A square tank of capacity 250 cubic metres has to be dug out. The cost of the land is ₹50 per square metre. The cost of digging increases with the depth and for the whole tank it is $₹400 × h^2$ where h metres is the depth of the tank. What should be the dimensions of the tank so that the cost would be minimum?

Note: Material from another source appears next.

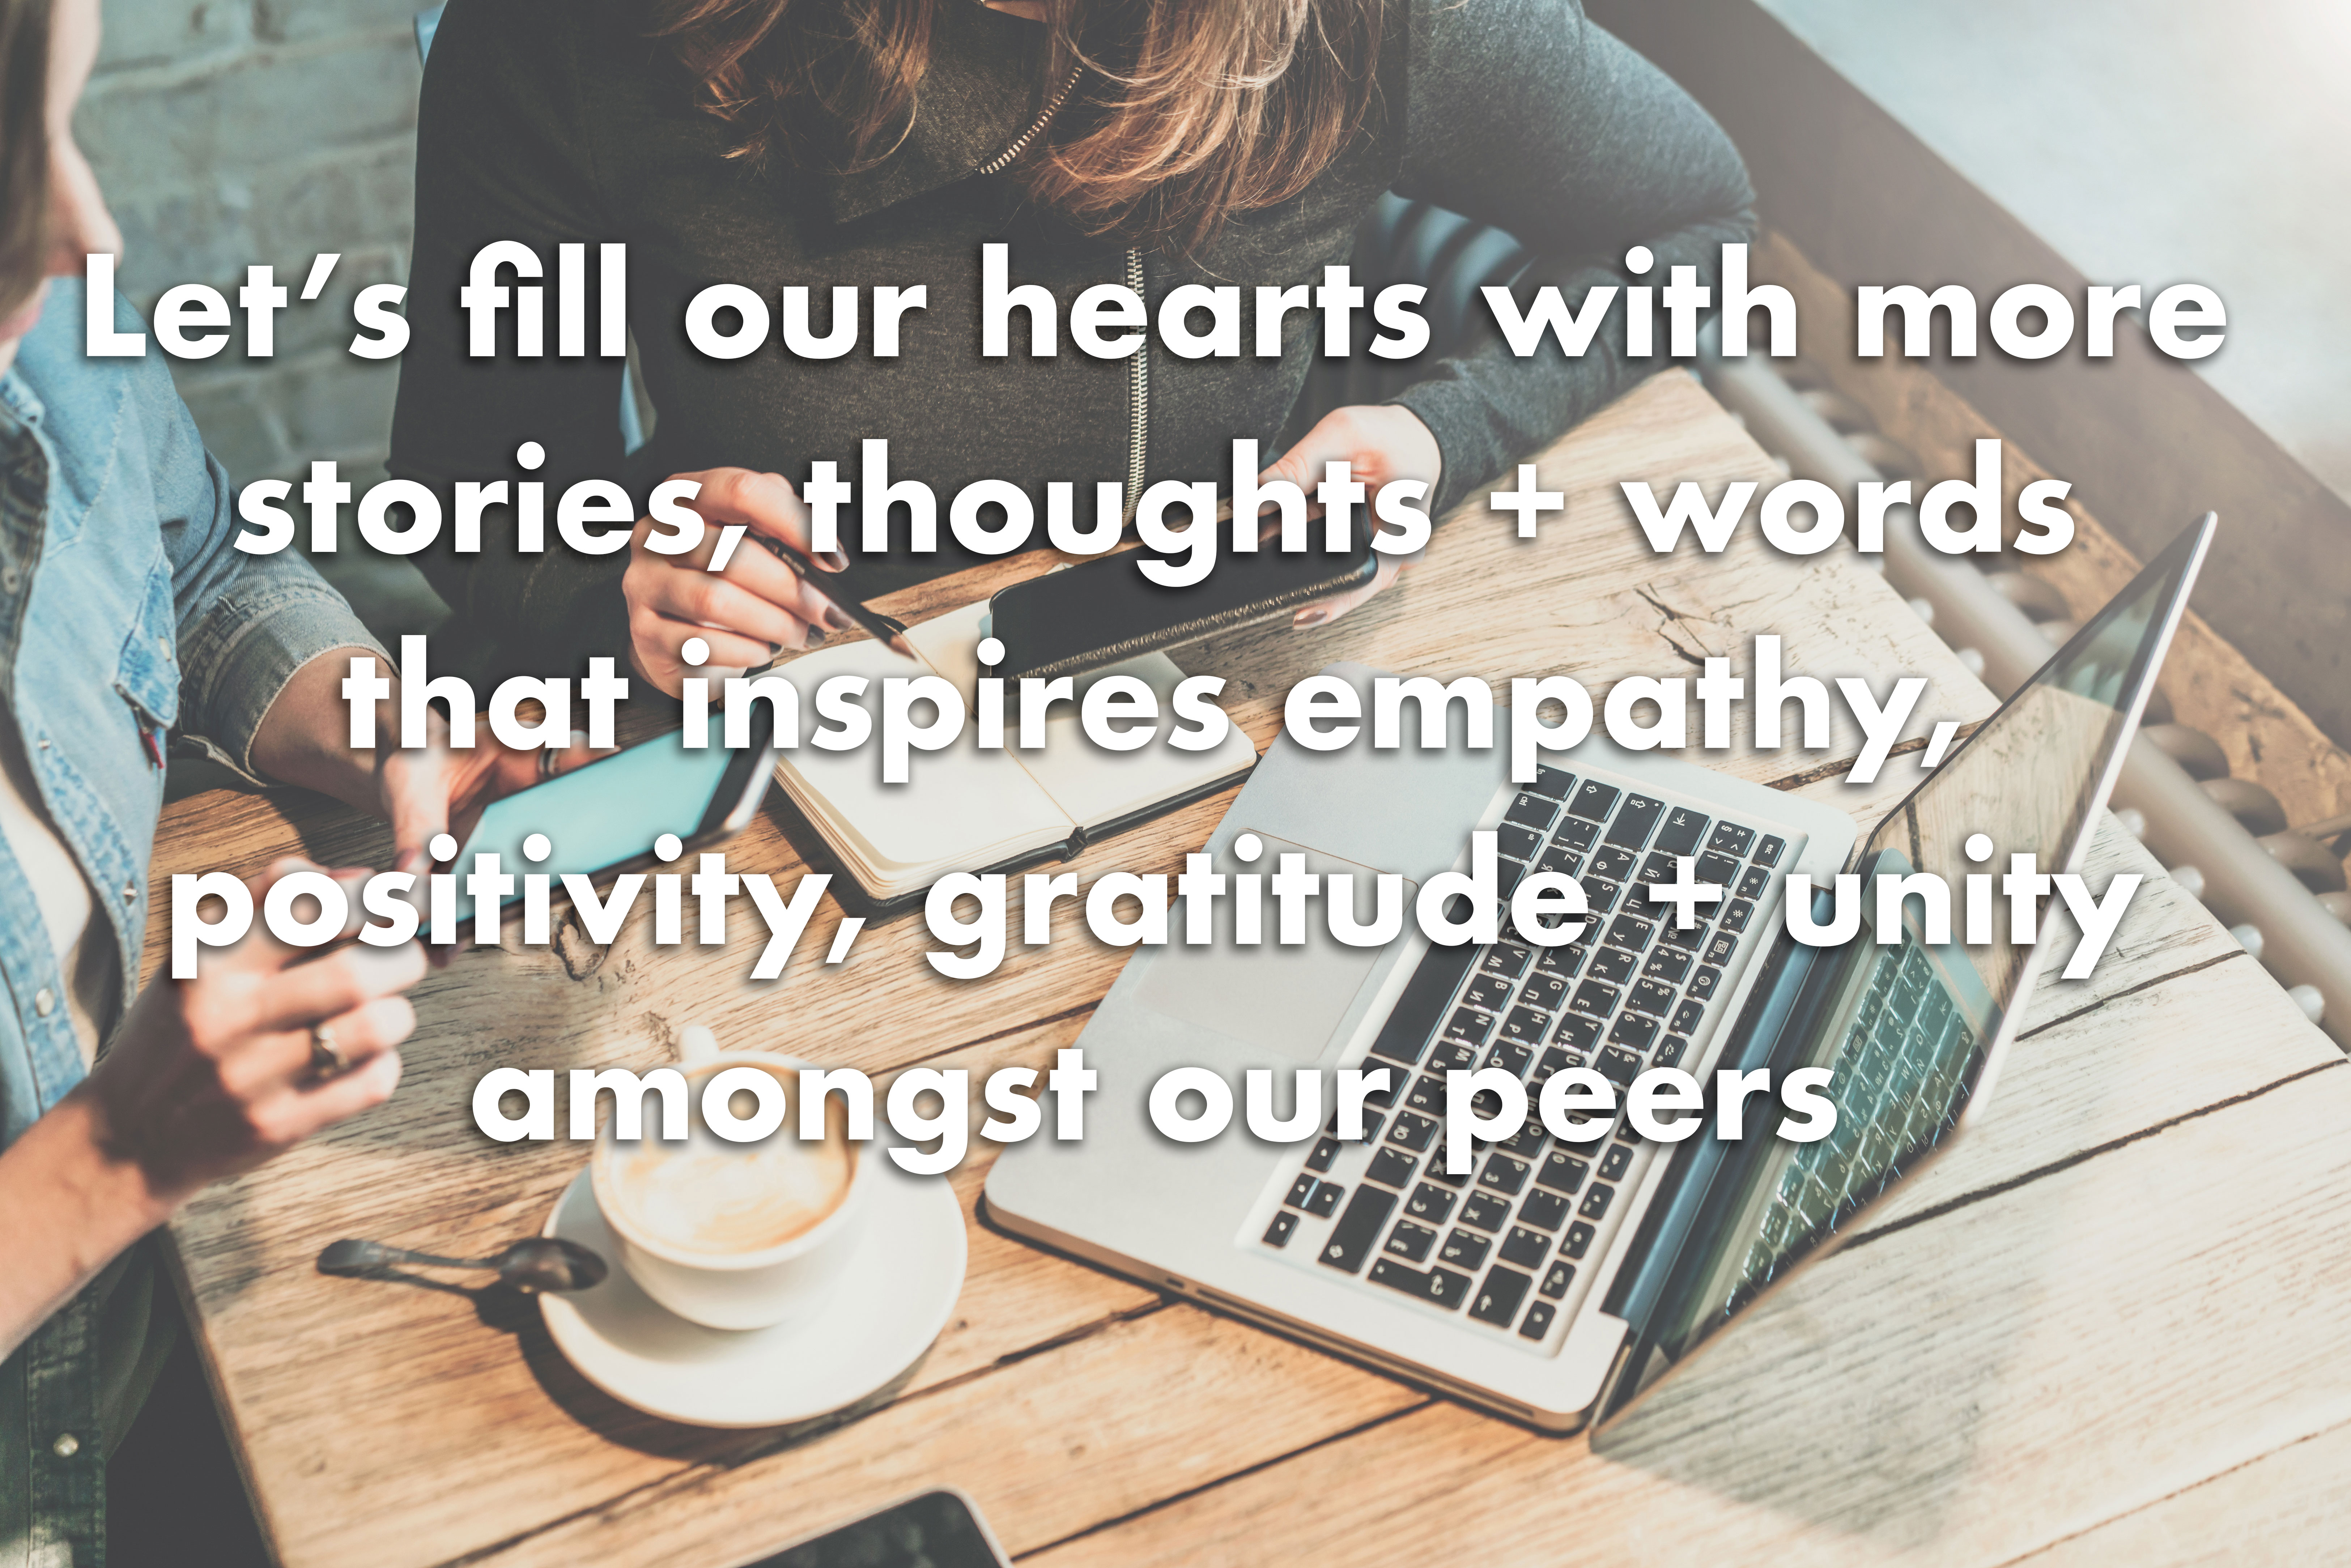 Let's fill our hearts with more stories, thoughts and words to inspire empathy, positivity, gratitude and unity amongst our peers

Side length = 10 m, Depth = 2.5 m

The correct answer is Option (2) → Side length = 10 m, Depth = 2.5 m

Let x metres be the side of the square tank, then the area of the base of the tank = $x^2$ sq. metres.

∴ Cost of land = $₹(50 × x^2)=₹50x^2$.

Cost of digging the tank = $₹400\, h^2$.

∴ Total cost of the tank = $₹(50x^2 + 400\, h^2)$.

Given capacity of the tank = 250 cubic metres,

$∴ x^2 × h = 250⇒h=\frac{250}{x^2}$   ...(i)

Let ₹C be the total cost of the tank, then

$C = 50x^2 + 400h^2 = 50x^2 + 400 ×\left(\frac{250}{x^2}\right)$   (using (i))

$=50x^2+\frac{25×10^6}{x^4}$

Diff. it w.r.t. x, we get

$\frac{dC}{dx}= 50.2x + 25 × 106.\left(\frac{-4}{x^5}\right)=100x -\frac{10^8}{x^5}$

And $\frac{d^2C}{dx^2}=100-10^8.\left(\frac{-5}{x^6}\right)=100+\frac{5 × 10^8}{x^6}$.

Now $\frac{dC}{dx}= 0 ⇒ 100 x-\frac{10^8}{x^5}=0⇒x^6=10^6⇒x=10$

Also $\left(\frac{d^2C}{dx^2}\right)_{x=10}=100+\frac{5 × 10^8}{x^6}=100+500=600>0$

⇒ C is minimum when $x = 10$.

When $x = 10$, from (i), $h =\frac{250}{100}= 2.5$

Hence, the dimensions of the tank are - side of the square base is 10 metres and depth of rank = 2.5 metres.